Top of Information supplied

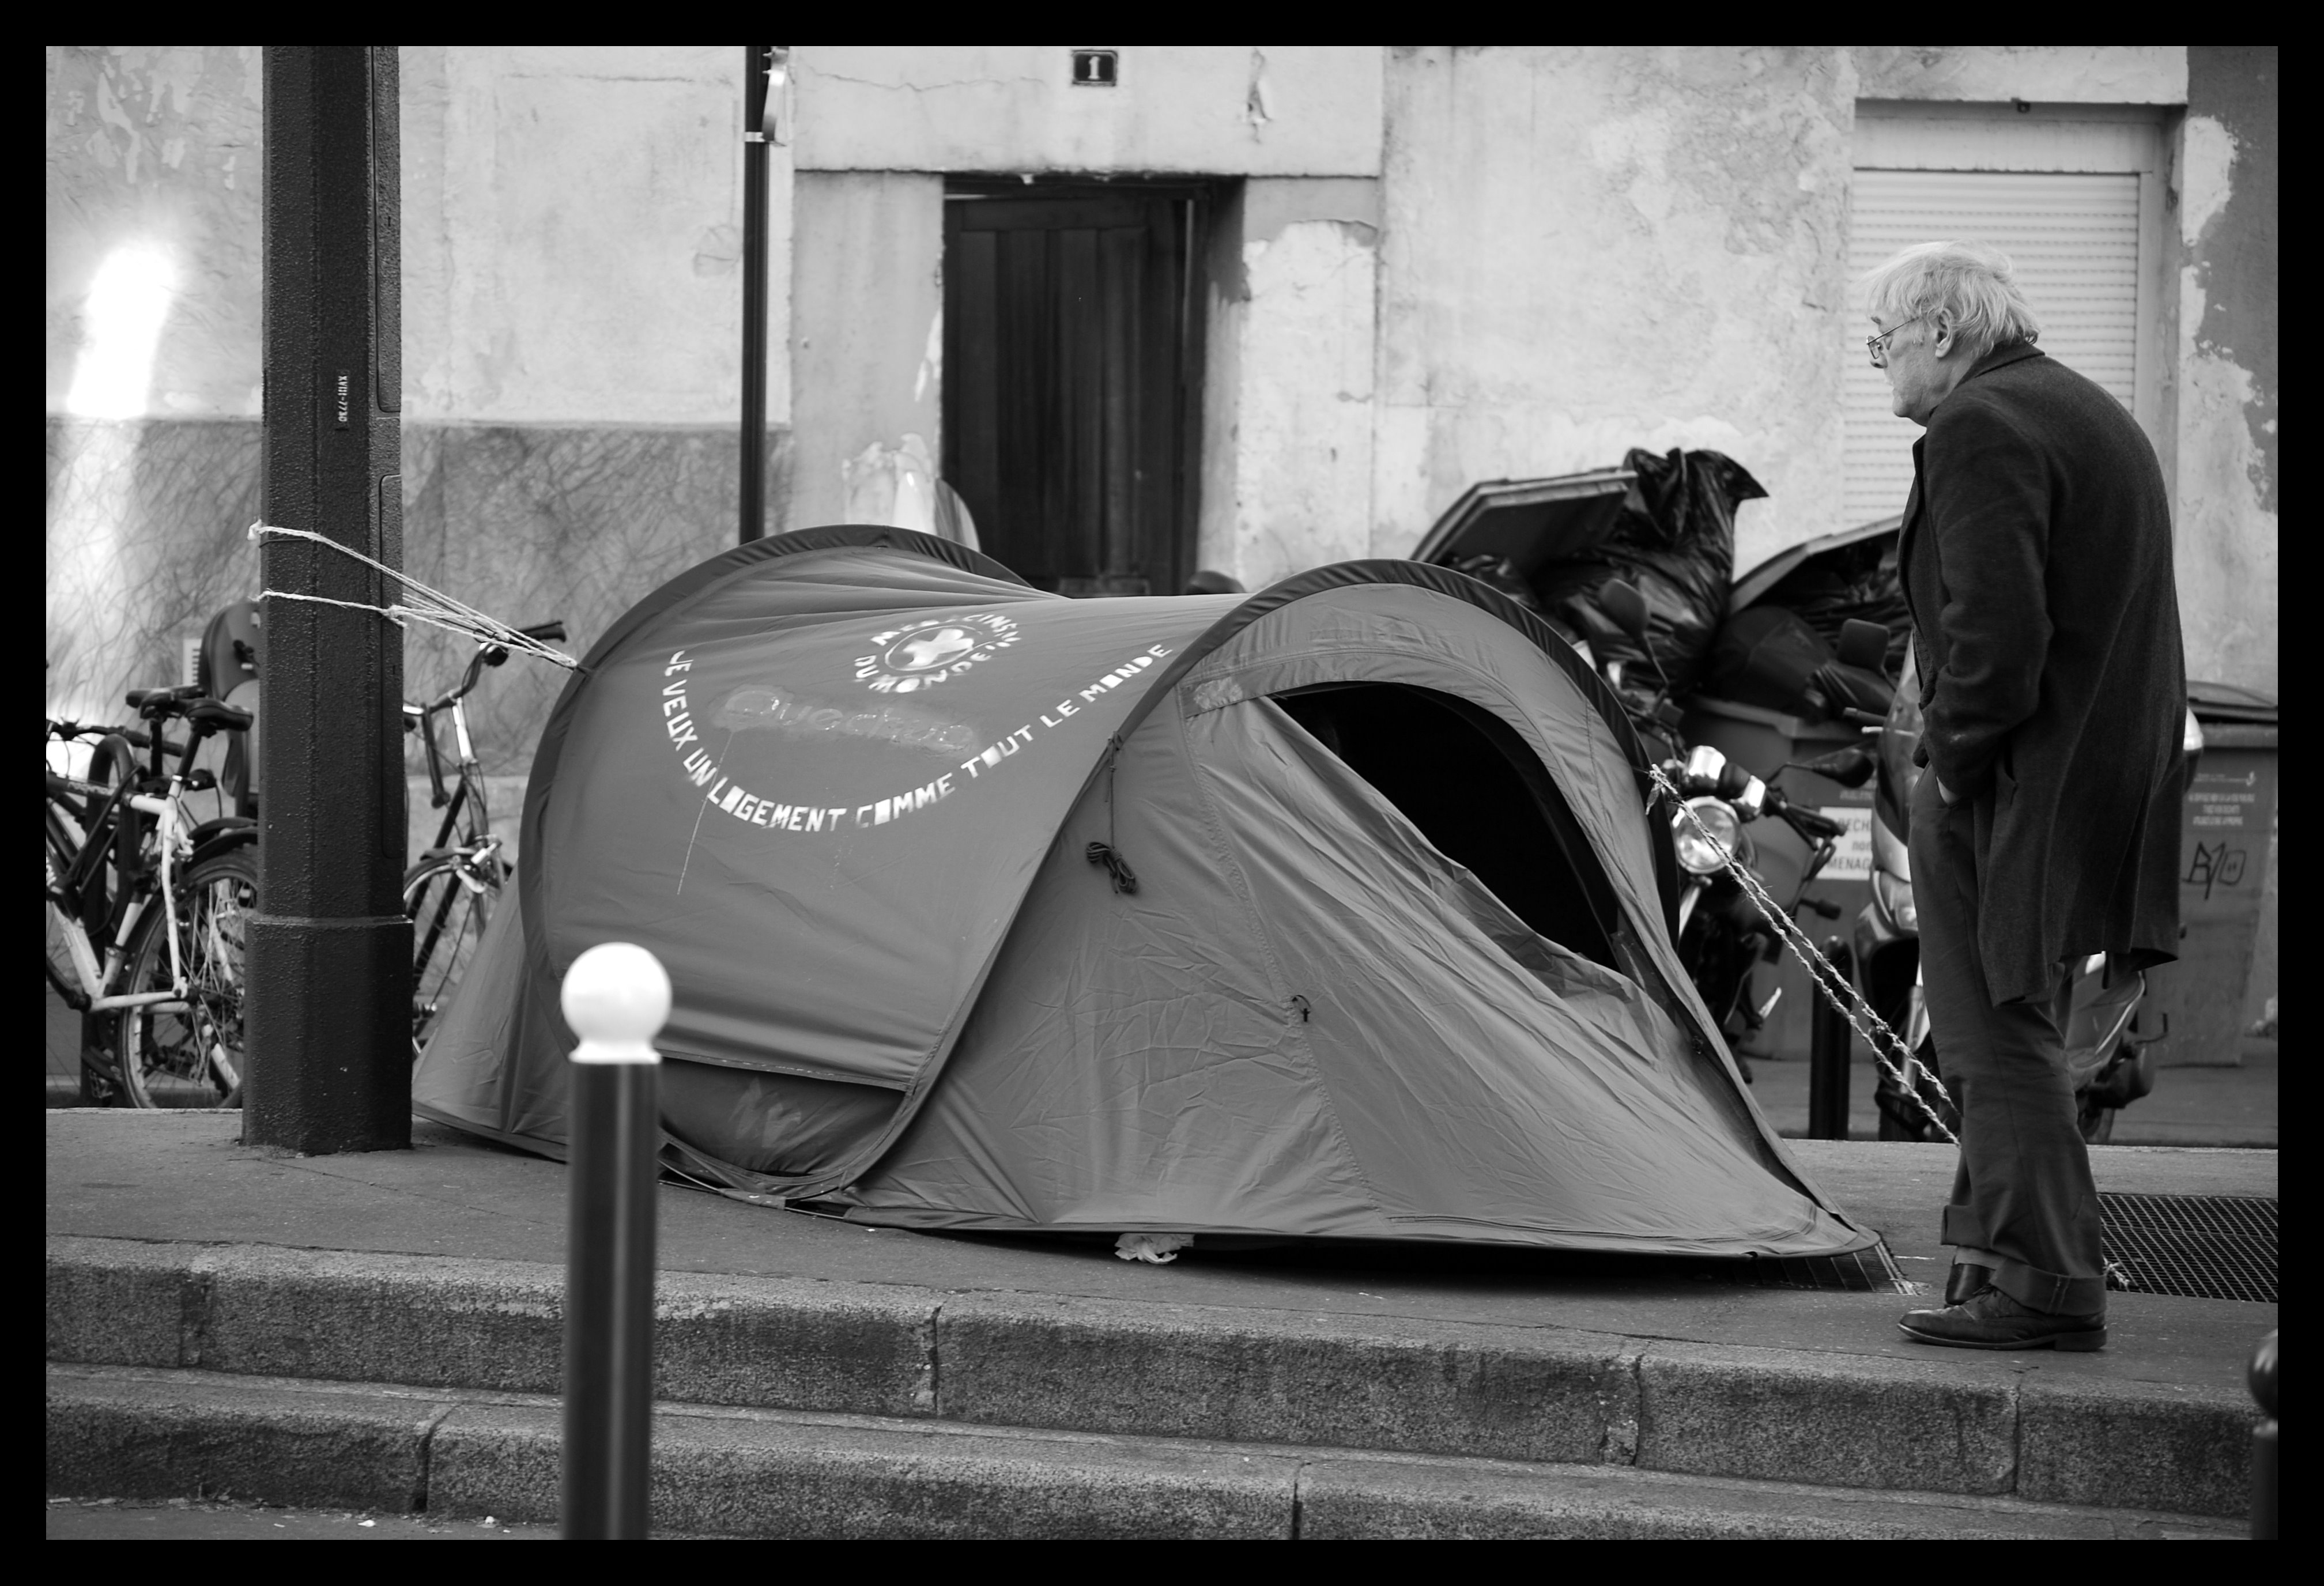 Tenda de campanya al mig del carrer_I .. C .. U_Flickr
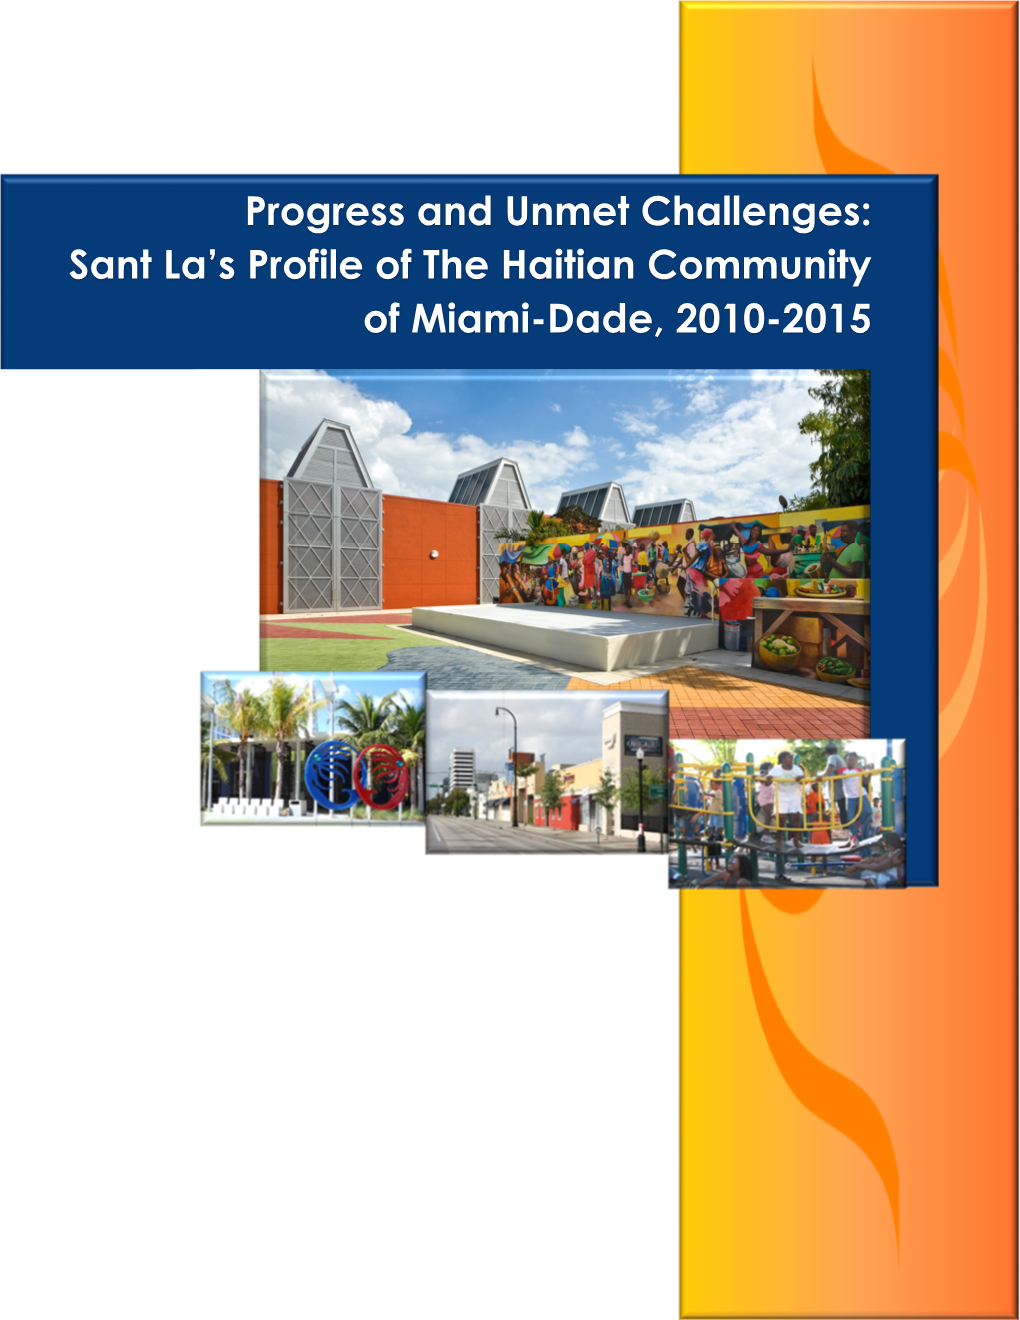 Sant La's Profile of the Haitian Community of Miami-Dade, 2010
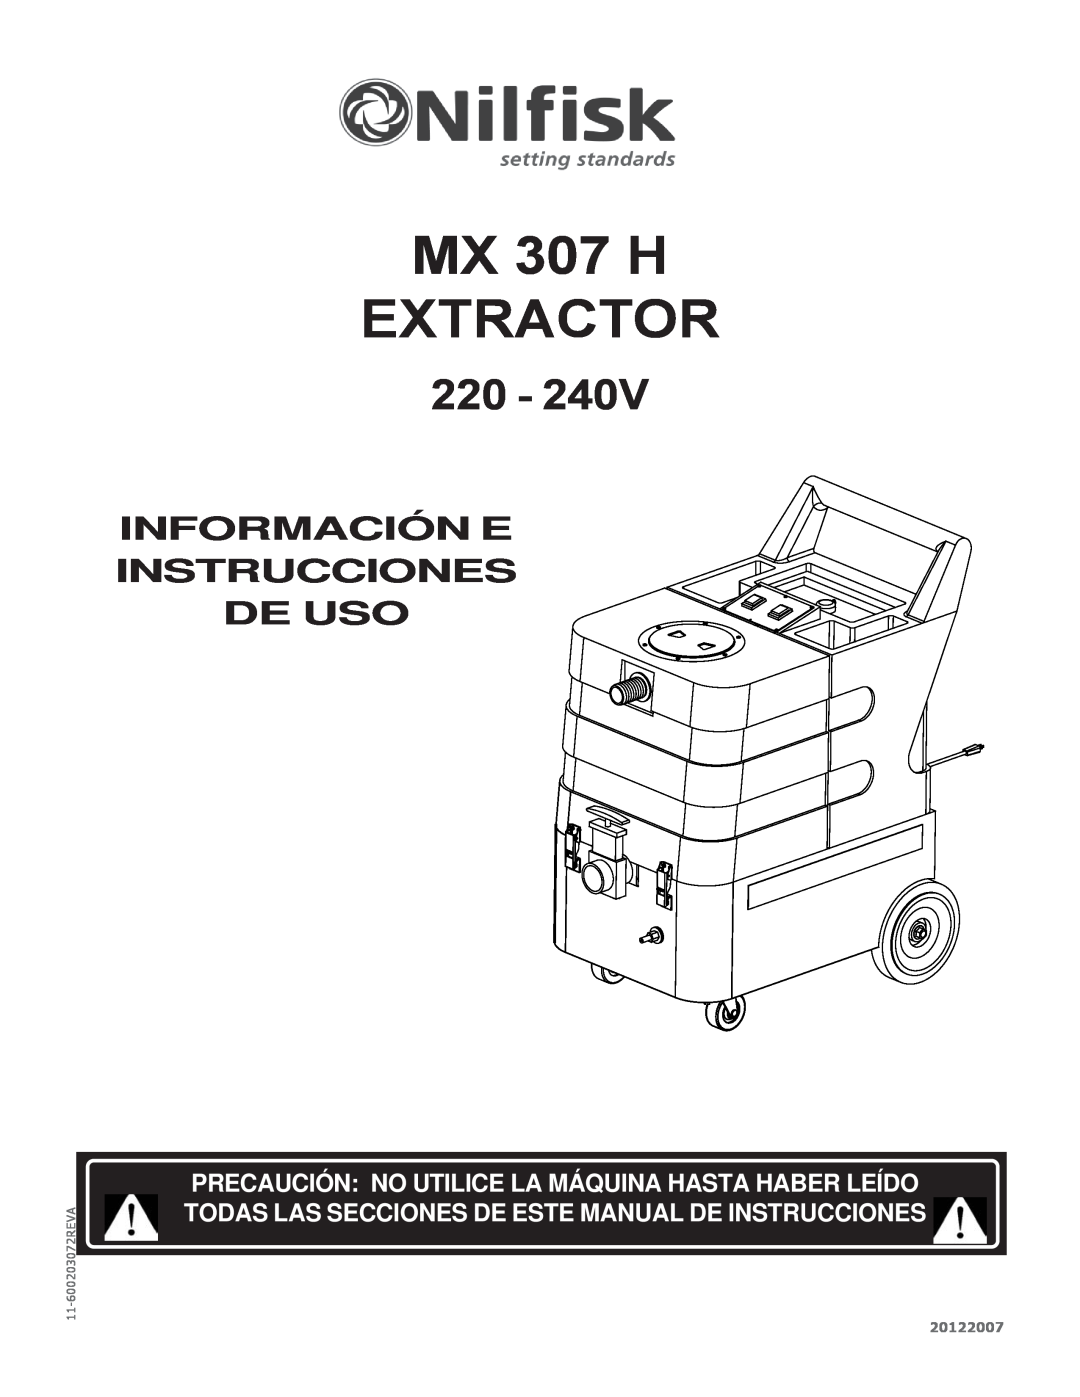 Nilfisk-Advance America MX 307 H EXTRACTOR, Información E Instrucciones De Uso, 20122007, 11-600203072REVA

Bottom of Information supplied

What you will do
The data needs to be reproduced exactly, please, apart from its pictures.

Task response
 Tenda de campanya al mig del carrer_I .. C .. U_Flickr
 Sant La's Profile of the Haitian Community of Miami-Dade, 2010
 Nilfisk-Advance America MX 307 H EXTRACTOR, Información E Instrucciones De Uso, 20122007, 11-600203072REVA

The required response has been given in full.